• _Data excerpt_

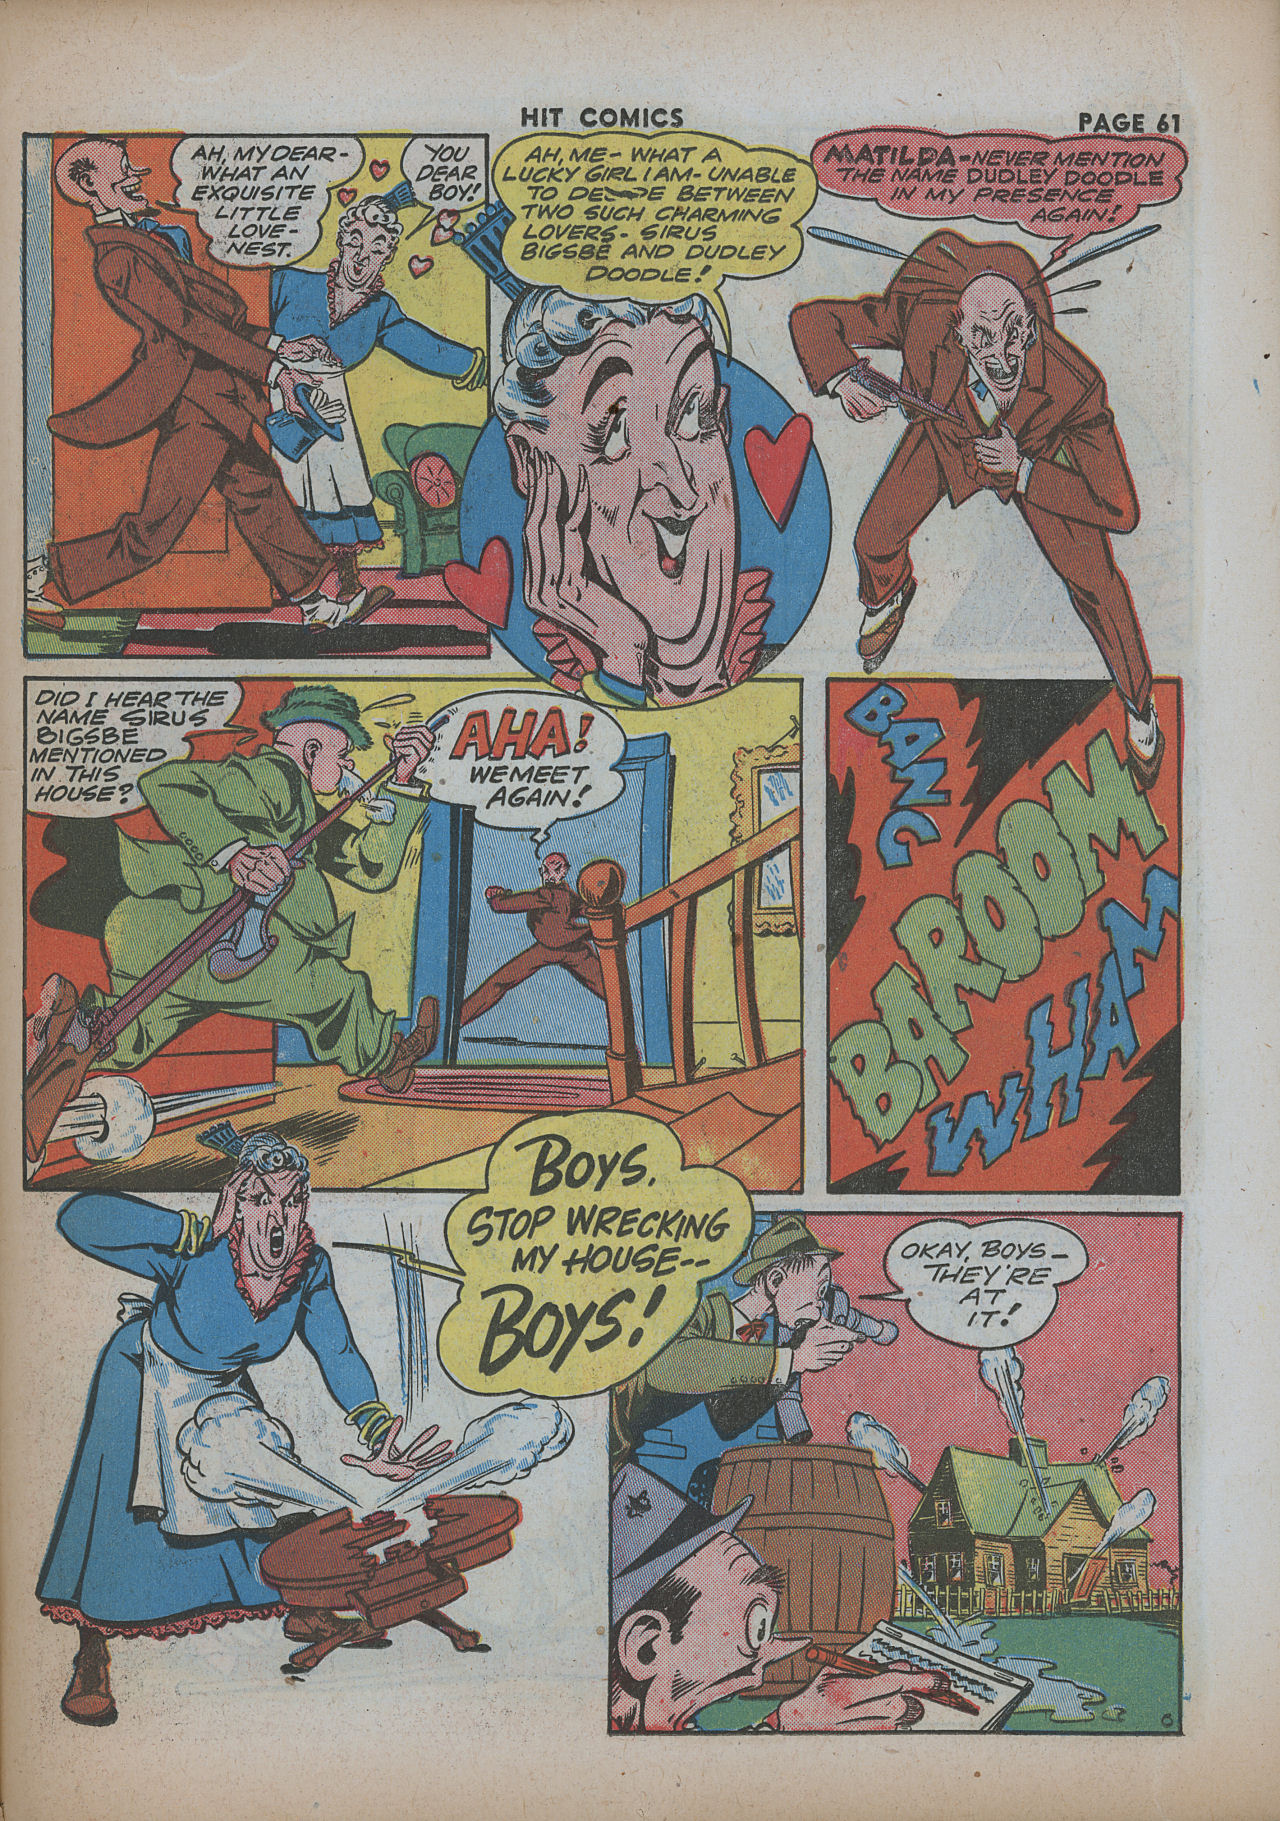 Read online Hit Comics comic -  Issue #26 - 62
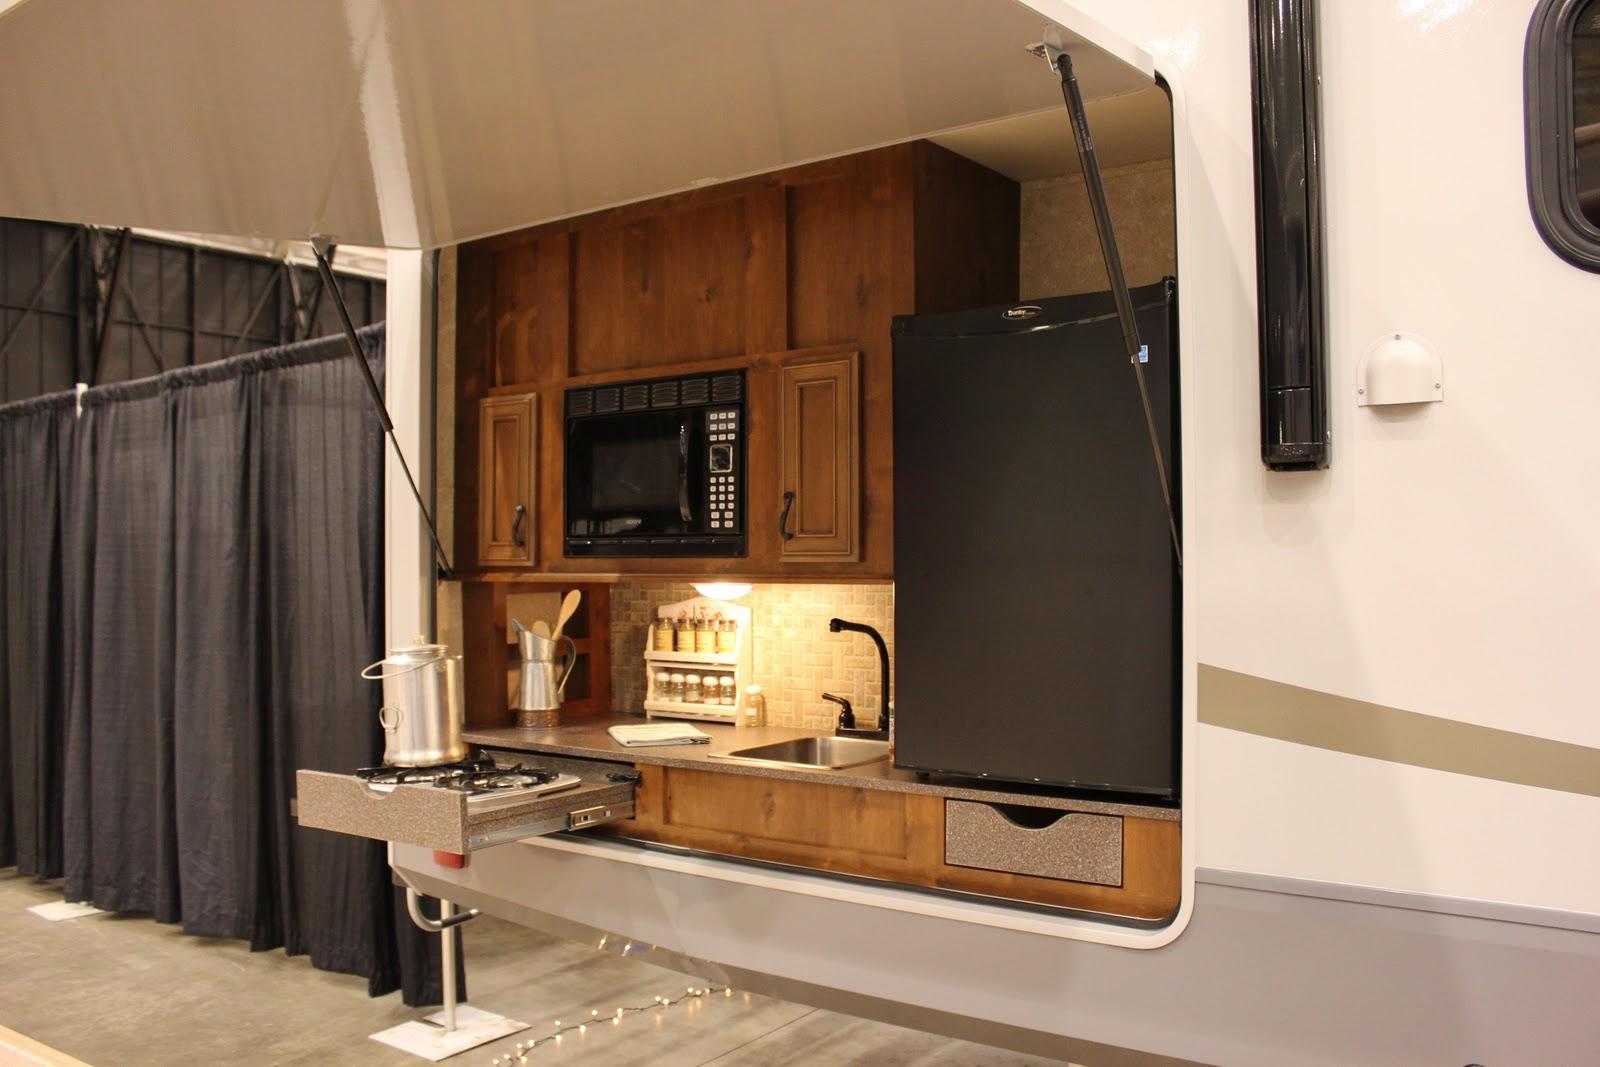 rv kitchen cabinets rv kitchen cabinets Kitchen Cabinet Accessories
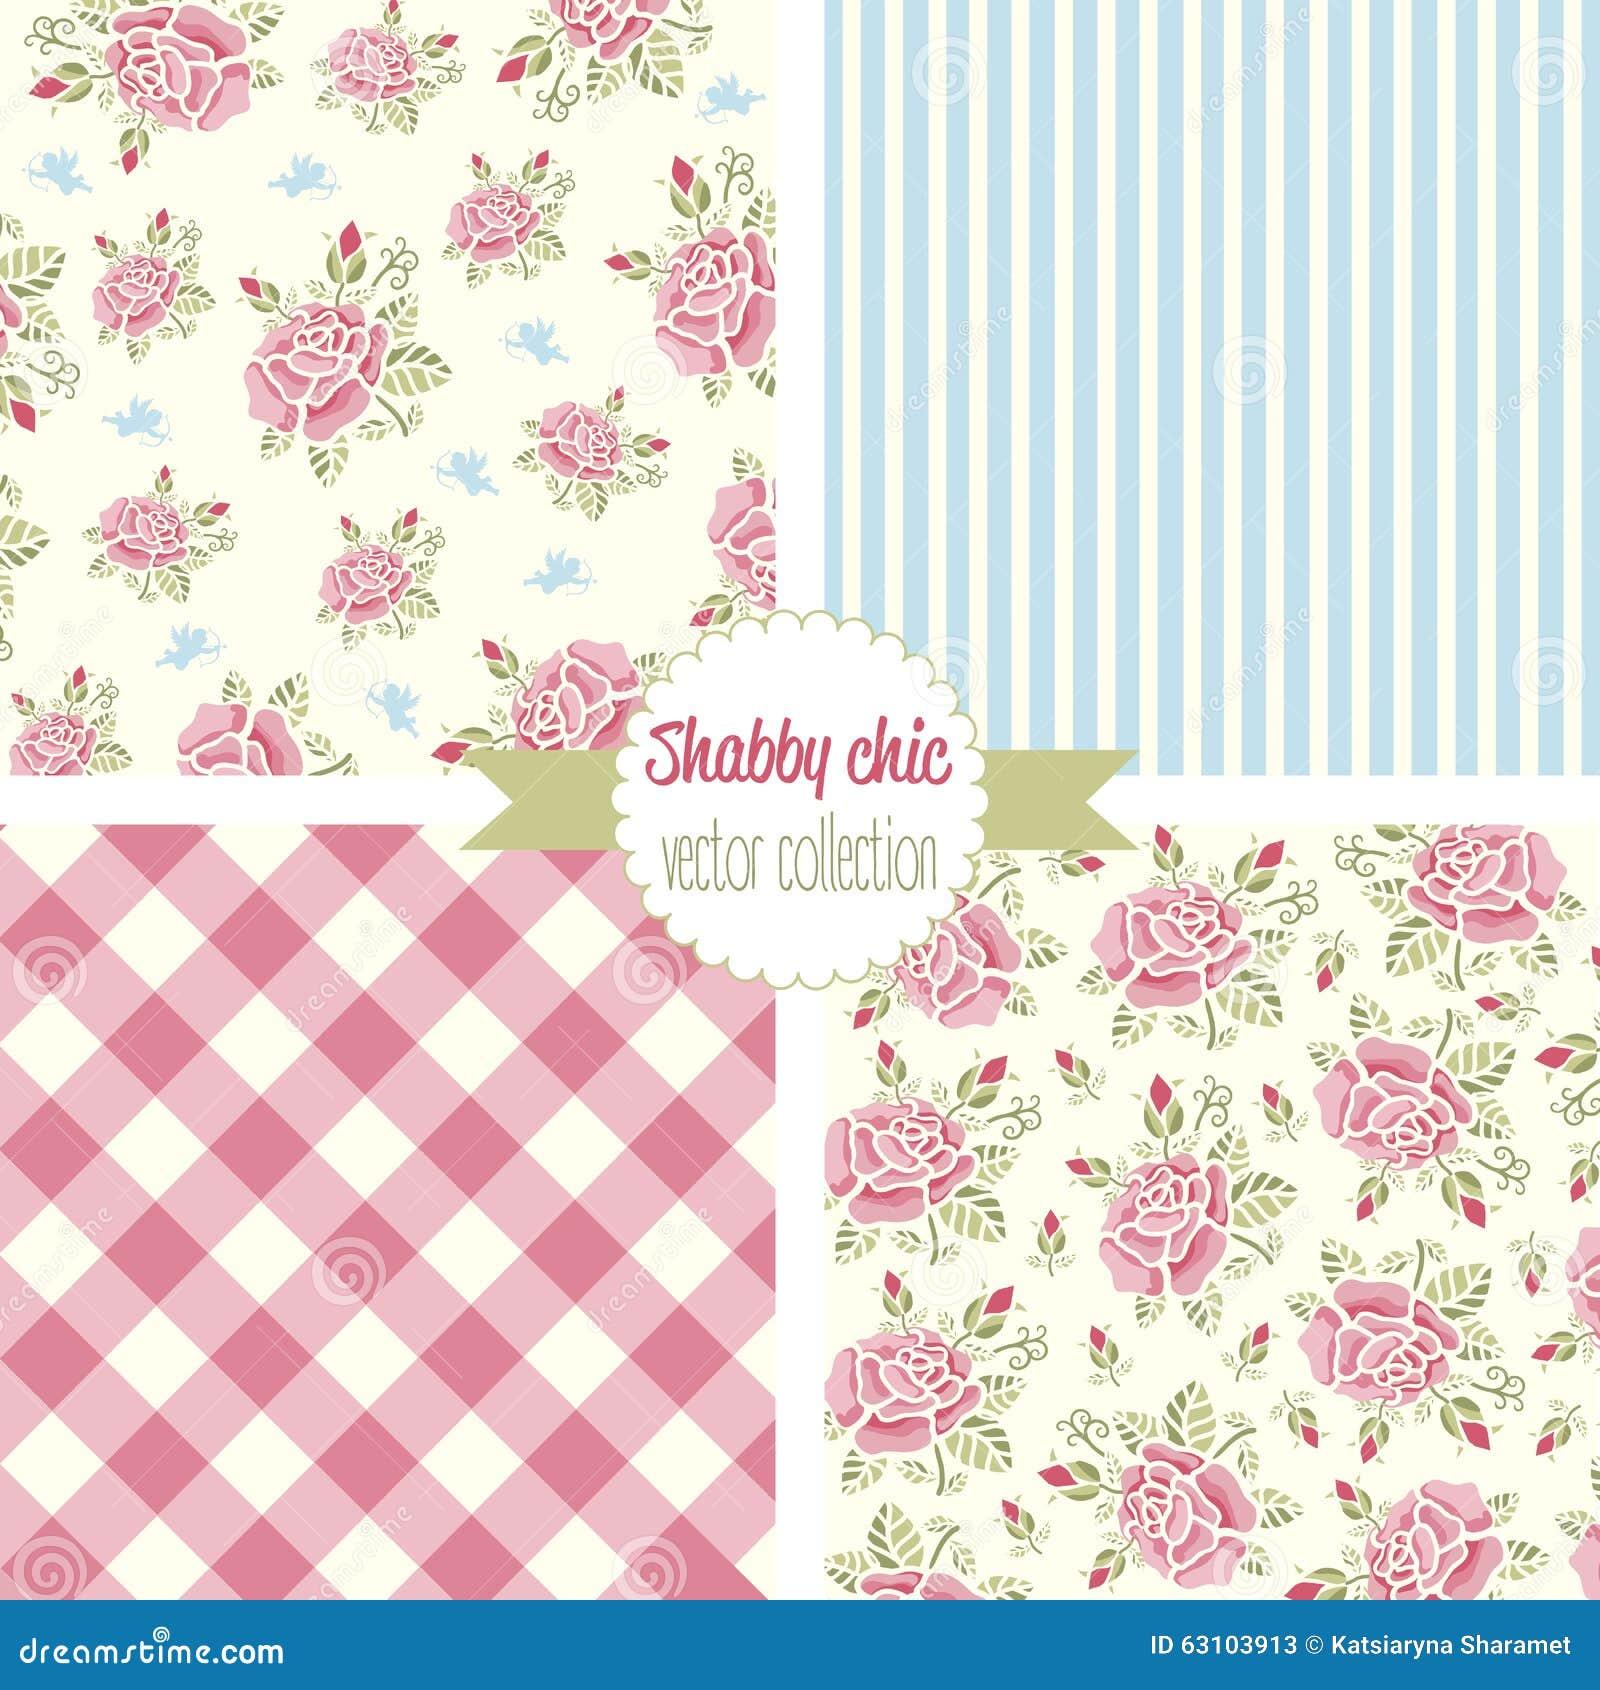 Shabby Chic Rose Patterns Set Seamless Pattern Vintage

• _Your assignment_
All of the listing above has to be reproduced exactly, though without its images.

• _Your solution_
 Read online Hit Comics comic -  Issue #26 - 62
 rv kitchen cabinets rv kitchen cabinets Kitchen Cabinet Accessories
 Shabby Chic Rose Patterns Set Seamless Pattern Vintage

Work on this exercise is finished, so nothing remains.